Work item -> Write the data out again exactly, with no pictures.

-- Opening Marker --

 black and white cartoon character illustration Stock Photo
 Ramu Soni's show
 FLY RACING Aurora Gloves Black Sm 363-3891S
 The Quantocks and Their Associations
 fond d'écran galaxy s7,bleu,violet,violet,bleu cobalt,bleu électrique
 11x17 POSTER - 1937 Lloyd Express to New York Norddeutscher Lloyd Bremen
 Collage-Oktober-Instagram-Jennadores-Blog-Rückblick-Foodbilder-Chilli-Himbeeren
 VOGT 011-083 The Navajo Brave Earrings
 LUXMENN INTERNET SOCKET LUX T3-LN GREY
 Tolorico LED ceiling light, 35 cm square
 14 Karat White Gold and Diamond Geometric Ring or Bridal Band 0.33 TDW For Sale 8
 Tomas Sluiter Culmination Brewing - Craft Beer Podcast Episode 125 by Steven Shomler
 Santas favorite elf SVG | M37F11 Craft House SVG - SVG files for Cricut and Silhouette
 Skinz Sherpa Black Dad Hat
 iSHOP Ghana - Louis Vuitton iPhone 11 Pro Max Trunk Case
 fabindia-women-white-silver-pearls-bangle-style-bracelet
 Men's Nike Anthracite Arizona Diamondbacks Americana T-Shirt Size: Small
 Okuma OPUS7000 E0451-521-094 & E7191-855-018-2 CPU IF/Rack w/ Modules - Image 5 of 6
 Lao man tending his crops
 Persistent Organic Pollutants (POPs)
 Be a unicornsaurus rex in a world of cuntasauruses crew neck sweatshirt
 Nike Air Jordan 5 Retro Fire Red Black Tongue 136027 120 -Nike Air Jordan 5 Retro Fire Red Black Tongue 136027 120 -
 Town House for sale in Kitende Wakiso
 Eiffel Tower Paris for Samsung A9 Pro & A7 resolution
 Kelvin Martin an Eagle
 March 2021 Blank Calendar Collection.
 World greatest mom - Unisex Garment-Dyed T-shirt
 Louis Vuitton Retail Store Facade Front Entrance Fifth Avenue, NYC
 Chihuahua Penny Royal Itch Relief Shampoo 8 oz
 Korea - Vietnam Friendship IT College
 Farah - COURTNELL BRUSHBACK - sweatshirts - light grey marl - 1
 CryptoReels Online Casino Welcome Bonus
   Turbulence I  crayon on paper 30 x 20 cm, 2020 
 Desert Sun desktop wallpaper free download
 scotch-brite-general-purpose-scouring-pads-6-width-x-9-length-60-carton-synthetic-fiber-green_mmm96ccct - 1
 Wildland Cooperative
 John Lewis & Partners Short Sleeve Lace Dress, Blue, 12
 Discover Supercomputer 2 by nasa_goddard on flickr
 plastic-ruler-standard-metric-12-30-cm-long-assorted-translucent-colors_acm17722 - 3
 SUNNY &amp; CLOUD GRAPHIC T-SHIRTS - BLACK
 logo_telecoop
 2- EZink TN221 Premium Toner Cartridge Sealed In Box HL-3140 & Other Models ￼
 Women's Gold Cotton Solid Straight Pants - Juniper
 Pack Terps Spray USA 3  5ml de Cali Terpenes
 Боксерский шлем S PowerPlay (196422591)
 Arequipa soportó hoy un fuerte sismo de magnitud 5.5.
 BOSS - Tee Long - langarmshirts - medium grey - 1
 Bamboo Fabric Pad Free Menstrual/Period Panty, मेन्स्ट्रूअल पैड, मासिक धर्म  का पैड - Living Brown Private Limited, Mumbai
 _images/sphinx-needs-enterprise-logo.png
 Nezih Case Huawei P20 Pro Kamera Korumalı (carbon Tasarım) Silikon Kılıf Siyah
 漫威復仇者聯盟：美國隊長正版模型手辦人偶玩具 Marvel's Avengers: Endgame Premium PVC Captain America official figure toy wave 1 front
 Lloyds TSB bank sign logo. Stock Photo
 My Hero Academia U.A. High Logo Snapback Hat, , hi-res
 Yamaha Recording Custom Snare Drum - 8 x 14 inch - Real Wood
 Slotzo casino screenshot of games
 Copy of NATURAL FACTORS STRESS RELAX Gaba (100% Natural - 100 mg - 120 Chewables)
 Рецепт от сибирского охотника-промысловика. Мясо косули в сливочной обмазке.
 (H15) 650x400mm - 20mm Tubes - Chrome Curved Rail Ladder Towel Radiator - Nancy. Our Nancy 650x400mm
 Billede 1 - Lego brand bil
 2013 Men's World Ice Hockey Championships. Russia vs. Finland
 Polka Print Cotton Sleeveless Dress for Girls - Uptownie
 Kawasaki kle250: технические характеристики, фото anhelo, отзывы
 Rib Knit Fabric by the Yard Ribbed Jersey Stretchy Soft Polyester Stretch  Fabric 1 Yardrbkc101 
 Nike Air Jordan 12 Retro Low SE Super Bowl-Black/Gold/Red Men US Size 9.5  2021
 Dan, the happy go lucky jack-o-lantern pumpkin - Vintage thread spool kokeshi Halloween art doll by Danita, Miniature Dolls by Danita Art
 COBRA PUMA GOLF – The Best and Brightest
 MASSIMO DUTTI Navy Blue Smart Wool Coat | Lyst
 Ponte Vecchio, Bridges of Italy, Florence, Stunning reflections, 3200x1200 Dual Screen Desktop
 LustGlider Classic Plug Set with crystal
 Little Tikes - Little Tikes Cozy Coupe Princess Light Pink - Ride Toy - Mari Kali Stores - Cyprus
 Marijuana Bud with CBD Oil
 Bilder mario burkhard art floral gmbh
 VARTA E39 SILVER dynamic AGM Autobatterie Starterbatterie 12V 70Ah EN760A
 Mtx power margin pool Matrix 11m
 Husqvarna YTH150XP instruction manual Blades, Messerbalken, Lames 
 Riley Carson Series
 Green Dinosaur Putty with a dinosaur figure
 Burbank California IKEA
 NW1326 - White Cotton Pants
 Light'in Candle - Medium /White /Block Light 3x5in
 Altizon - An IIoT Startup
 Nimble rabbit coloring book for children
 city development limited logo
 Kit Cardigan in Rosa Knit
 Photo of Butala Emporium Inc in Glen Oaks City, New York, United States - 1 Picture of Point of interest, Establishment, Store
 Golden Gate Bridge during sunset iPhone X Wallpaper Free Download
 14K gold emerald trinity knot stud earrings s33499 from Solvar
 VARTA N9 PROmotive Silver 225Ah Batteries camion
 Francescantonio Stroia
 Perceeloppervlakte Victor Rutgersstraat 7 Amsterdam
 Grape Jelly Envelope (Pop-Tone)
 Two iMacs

-- Closing Marker --

Answer box ->
 black and white cartoon character illustration Stock Photo
 Ramu Soni's show
 FLY RACING Aurora Gloves Black Sm 363-3891S
 The Quantocks and Their Associations
 fond d'écran galaxy s7,bleu,violet,violet,bleu cobalt,bleu électrique
 11x17 POSTER - 1937 Lloyd Express to New York Norddeutscher Lloyd Bremen
 Collage-Oktober-Instagram-Jennadores-Blog-Rückblick-Foodbilder-Chilli-Himbeeren
 VOGT 011-083 The Navajo Brave Earrings
 LUXMENN INTERNET SOCKET LUX T3-LN GREY
 Tolorico LED ceiling light, 35 cm square
 14 Karat White Gold and Diamond Geometric Ring or Bridal Band 0.33 TDW For Sale 8
 Tomas Sluiter Culmination Brewing - Craft Beer Podcast Episode 125 by Steven Shomler
 Santas favorite elf SVG | M37F11 Craft House SVG - SVG files for Cricut and Silhouette
 Skinz Sherpa Black Dad Hat
 iSHOP Ghana - Louis Vuitton iPhone 11 Pro Max Trunk Case
 fabindia-women-white-silver-pearls-bangle-style-bracelet
 Men's Nike Anthracite Arizona Diamondbacks Americana T-Shirt Size: Small
 Okuma OPUS7000 E0451-521-094 & E7191-855-018-2 CPU IF/Rack w/ Modules - Image 5 of 6
 Lao man tending his crops
 Persistent Organic Pollutants (POPs)
 Be a unicornsaurus rex in a world of cuntasauruses crew neck sweatshirt
 Nike Air Jordan 5 Retro Fire Red Black Tongue 136027 120 -Nike Air Jordan 5 Retro Fire Red Black Tongue 136027 120 -
 Town House for sale in Kitende Wakiso
 Eiffel Tower Paris for Samsung A9 Pro & A7 resolution
 Kelvin Martin an Eagle
 March 2021 Blank Calendar Collection.
 World greatest mom - Unisex Garment-Dyed T-shirt
 Louis Vuitton Retail Store Facade Front Entrance Fifth Avenue, NYC
 Chihuahua Penny Royal Itch Relief Shampoo 8 oz
 Korea - Vietnam Friendship IT College
 Farah - COURTNELL BRUSHBACK - sweatshirts - light grey marl - 1
 CryptoReels Online Casino Welcome Bonus
   Turbulence I  crayon on paper 30 x 20 cm, 2020 
 Desert Sun desktop wallpaper free download
 scotch-brite-general-purpose-scouring-pads-6-width-x-9-length-60-carton-synthetic-fiber-green_mmm96ccct - 1
 Wildland Cooperative
 John Lewis & Partners Short Sleeve Lace Dress, Blue, 12
 Discover Supercomputer 2 by nasa_goddard on flickr
 plastic-ruler-standard-metric-12-30-cm-long-assorted-translucent-colors_acm17722 - 3
 SUNNY &amp; CLOUD GRAPHIC T-SHIRTS - BLACK
 logo_telecoop
 2- EZink TN221 Premium Toner Cartridge Sealed In Box HL-3140 & Other Models 
 Women's Gold Cotton Solid Straight Pants - Juniper
 Pack Terps Spray USA 3  5ml de Cali Terpenes
 Боксерский шлем S PowerPlay (196422591)
 Arequipa soportó hoy un fuerte sismo de magnitud 5.5.
 BOSS - Tee Long - langarmshirts - medium grey - 1
 Bamboo Fabric Pad Free Menstrual/Period Panty, मेन्स्ट्रूअल पैड, मासिक धर्म  का पैड - Living Brown Private Limited, Mumbai
 _images/sphinx-needs-enterprise-logo.png
 Nezih Case Huawei P20 Pro Kamera Korumalı (carbon Tasarım) Silikon Kılıf Siyah
 漫威復仇者聯盟：美國隊長正版模型手辦人偶玩具 Marvel's Avengers: Endgame Premium PVC Captain America official figure toy wave 1 front
 Lloyds TSB bank sign logo. Stock Photo
 My Hero Academia U.A. High Logo Snapback Hat, , hi-res
 Yamaha Recording Custom Snare Drum - 8 x 14 inch - Real Wood
 Slotzo casino screenshot of games
 Copy of NATURAL FACTORS STRESS RELAX Gaba (100% Natural - 100 mg - 120 Chewables)
 Рецепт от сибирского охотника-промысловика. Мясо косули в сливочной обмазке.
 (H15) 650x400mm - 20mm Tubes - Chrome Curved Rail Ladder Towel Radiator - Nancy. Our Nancy 650x400mm
 Billede 1 - Lego brand bil
 2013 Men's World Ice Hockey Championships. Russia vs. Finland
 Polka Print Cotton Sleeveless Dress for Girls - Uptownie
 Kawasaki kle250: технические характеристики, фото anhelo, отзывы
 Rib Knit Fabric by the Yard Ribbed Jersey Stretchy Soft Polyester Stretch  Fabric 1 Yardrbkc101 
 Nike Air Jordan 12 Retro Low SE Super Bowl-Black/Gold/Red Men US Size 9.5  2021
 Dan, the happy go lucky jack-o-lantern pumpkin - Vintage thread spool kokeshi Halloween art doll by Danita, Miniature Dolls by Danita Art
 COBRA PUMA GOLF – The Best and Brightest
 MASSIMO DUTTI Navy Blue Smart Wool Coat | Lyst
 Ponte Vecchio, Bridges of Italy, Florence, Stunning reflections, 3200x1200 Dual Screen Desktop
 LustGlider Classic Plug Set with crystal
 Little Tikes - Little Tikes Cozy Coupe Princess Light Pink - Ride Toy - Mari Kali Stores - Cyprus
 Marijuana Bud with CBD Oil
 Bilder mario burkhard art floral gmbh
 VARTA E39 SILVER dynamic AGM Autobatterie Starterbatterie 12V 70Ah EN760A
 Mtx power margin pool Matrix 11m
 Husqvarna YTH150XP instruction manual Blades, Messerbalken, Lames 
 Riley Carson Series
 Green Dinosaur Putty with a dinosaur figure
 Burbank California IKEA
 NW1326 - White Cotton Pants
 Light'in Candle - Medium /White /Block Light 3x5in
 Altizon - An IIoT Startup
 Nimble rabbit coloring book for children
 city development limited logo
 Kit Cardigan in Rosa Knit
 Photo of Butala Emporium Inc in Glen Oaks City, New York, United States - 1 Picture of Point of interest, Establishment, Store
 Golden Gate Bridge during sunset iPhone X Wallpaper Free Download
 14K gold emerald trinity knot stud earrings s33499 from Solvar
 VARTA N9 PROmotive Silver 225Ah Batteries camion
 Francescantonio Stroia
 Perceeloppervlakte Victor Rutgersstraat 7 Amsterdam
 Grape Jelly Envelope (Pop-Tone)
 Two iMacs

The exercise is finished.